Mark Sherratt

A combination of French and British acrobatic groups, the show promises to be full of live, original music, acrobatics, breakdancing and BMX cycling.  K’Boum is part of Collectif AOC, a French group with several acrobatics troupes. Oversees is part of a British experimental circus theatre group called Barely Methodical Troupe (BMT).

Oversees commences the show with an eight-minute performance set to live flute music that brings to mind Yann Tiersen. Two simply-dressed men appear to use the stage as their playground, dancing, leaping and bounding in synchronisation. One man is the support and the other jumps, tumbles and flips from the support’s hands or shoulders.  The choreography is youthful and lucid, a sort of brotherly play fighting. 
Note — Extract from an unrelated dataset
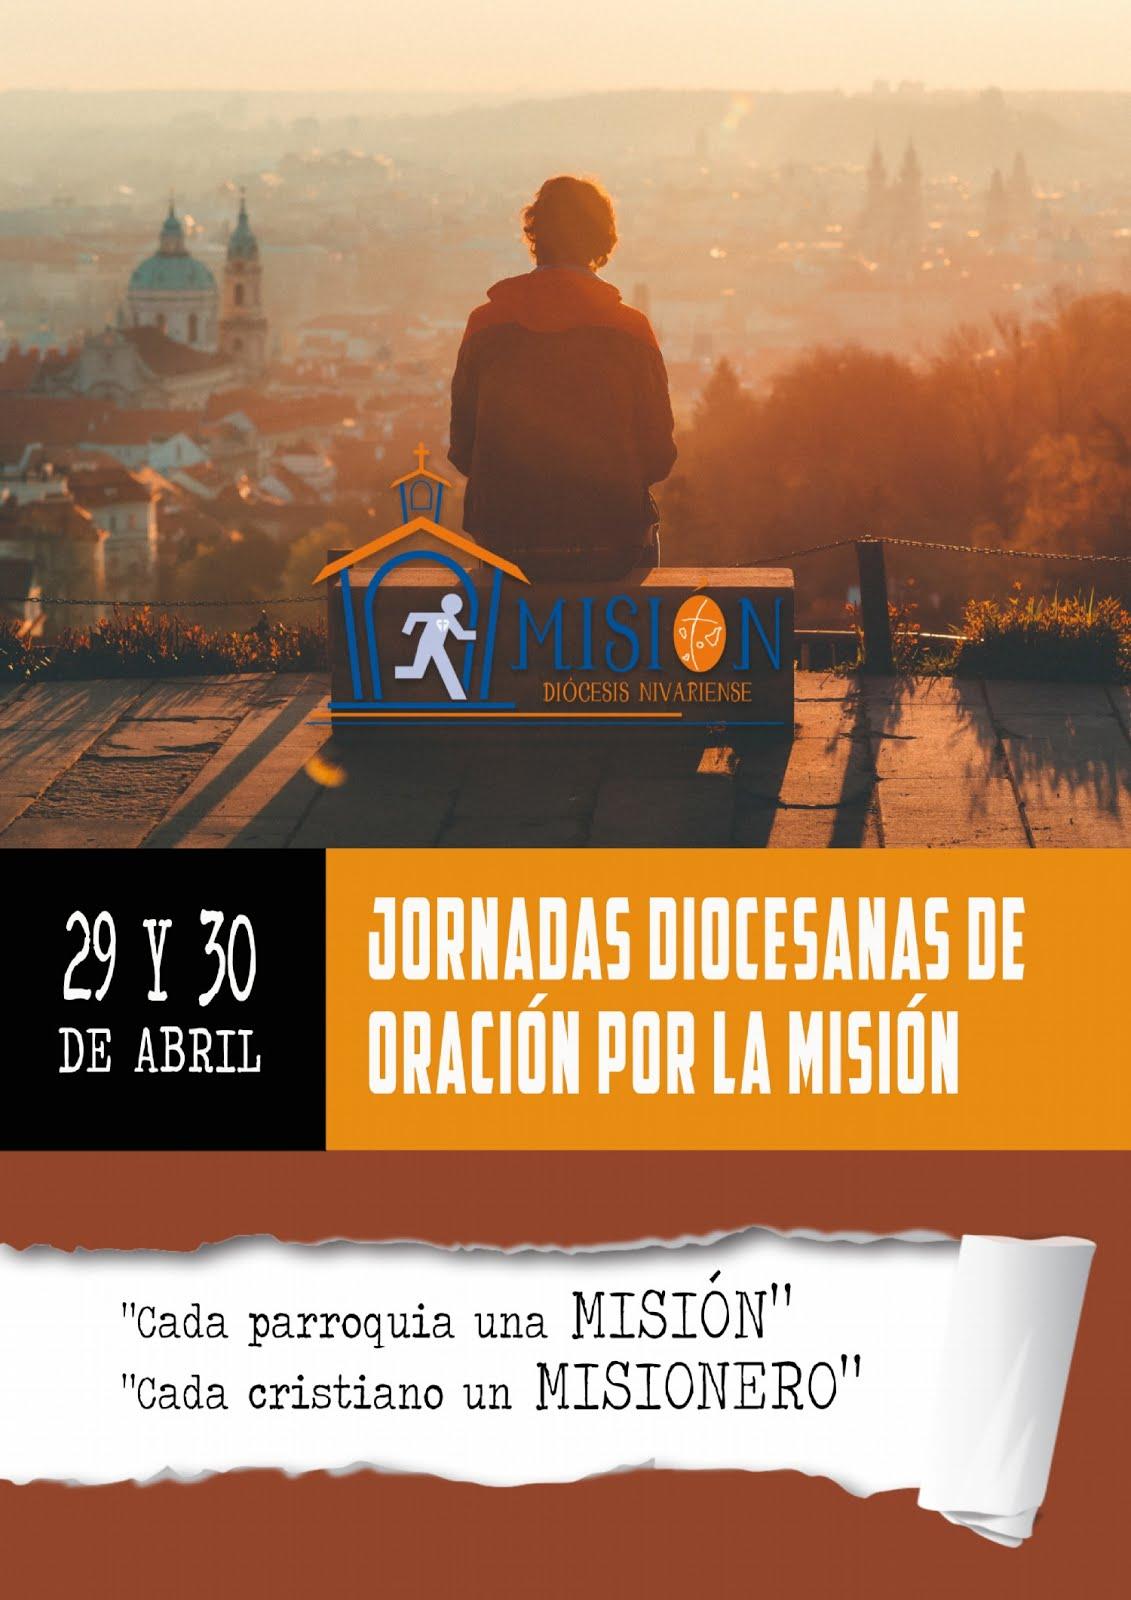 Jornadas Diocesanas de Oración por la Misión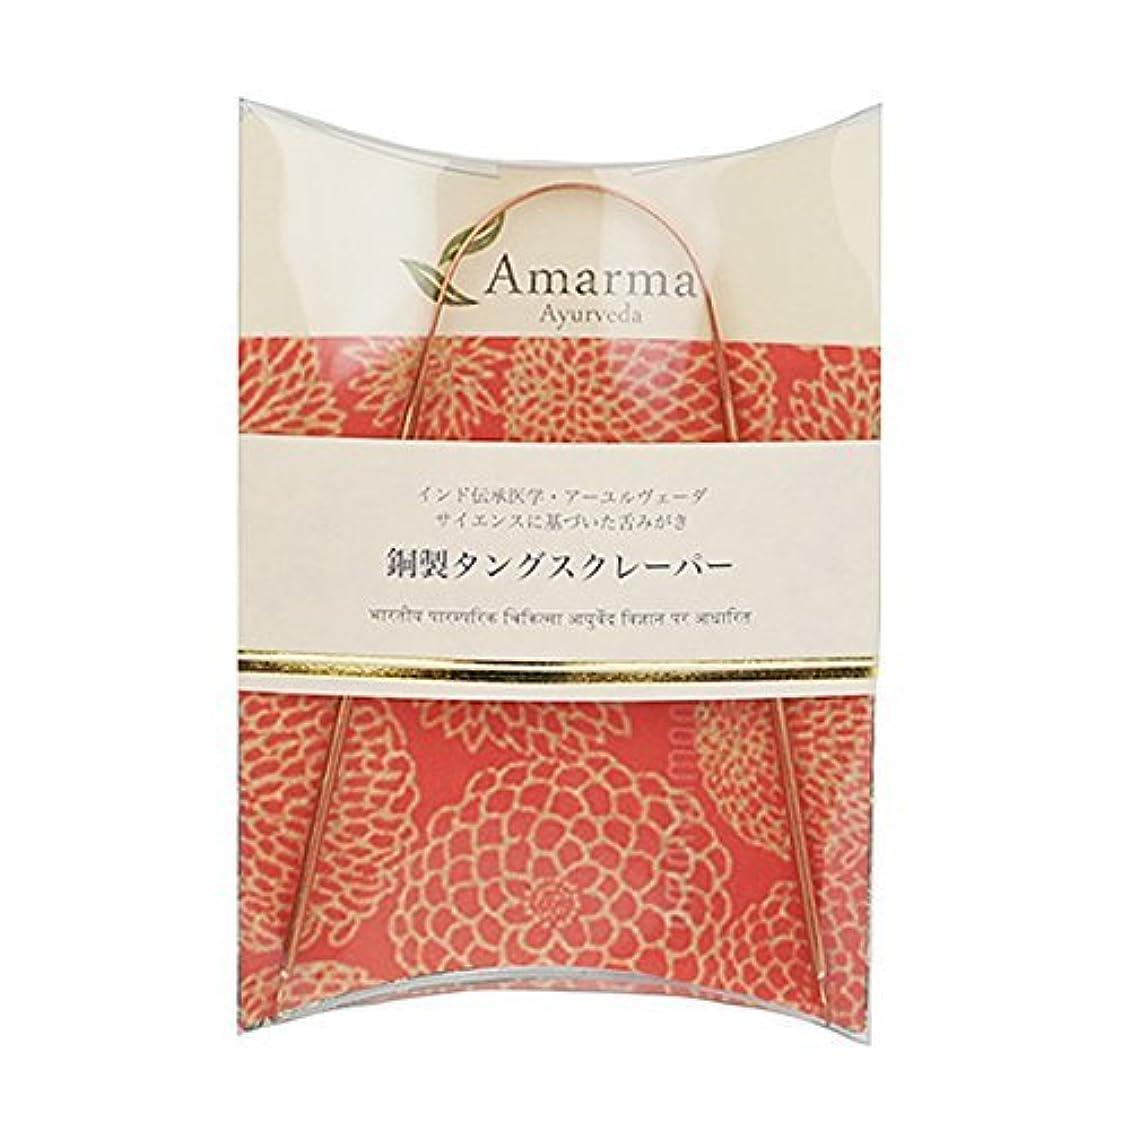 パンツ解く以下銅製タングスクレーパー(舌みがき)日本製

During K’Boum’s forty-minute set, Bertrand Landhauser provides the music score, a unique mix of hip-hop and soul; he plays the trombone live, beat boxes and plays percussion. The structure of the set has a similarly unique and also spontaneous feel. The set commences with a purely hip-hop breakdancing scene in half-light on the stage. Before the lights come on, the music changes and the rest of the group marches onto stage, one by one. There are four men in the group, all sporting moustaches and brightly coloured t-shirts. They look like a seventies football team. Their entrance onto to the stage resembles Tetris blocks; they march slowly, only walking in straight lines. Occasionally, they stop and break out into a breakdancing or acrobatic routine.

Their introduction is an impressive moment; three of the men form a human pyramid, before the fourth member of the group throws a microphone up to the top. The leader of the group speaks with a hilariously thick French accent and introduces their theme, which is that of an old-fashioned telecommercial, complete with background elevator music and their own jingle. He ‘sells’ a BMX bike, demonstrating its uses for tricks, before breakdancing and BMX tricks erupt. A particular favourite was when the acrobat ‘surfed’ the bike in a circle by standing on the handlebars and the seat. The group also recreates a scene from ‘ET’ on stage, the BMX rider in a hoodie with a covered basket on the front of the bike, held up by two members of the group while a spotlight is the moon. The audience erupts into laughter at this spontaneous throwback. 

The next item that the leader ‘sells’ is one of the members of the group as a male, acrobat and break-dancer who can bend, stretch and carry heavy things. This scene is hilarious, the leader introducing the ‘item’ as “neither an inflatable swimming pool nor a carrot peeler”; the leader is thrown and tossed by the ‘item’ to demonstrate his abilities. The acrobat being sold is the main breakdancer of the group, plus the base of all the tumbling and acrobatics. He has an impressive scene, where the audience sees a gymnastic battle on stage between his breakdancing and the tricks of the BMX rider. 

Both sets are comical and inventive, creating charmingly youthful performances that are full of character, as well as acrobatic prowess.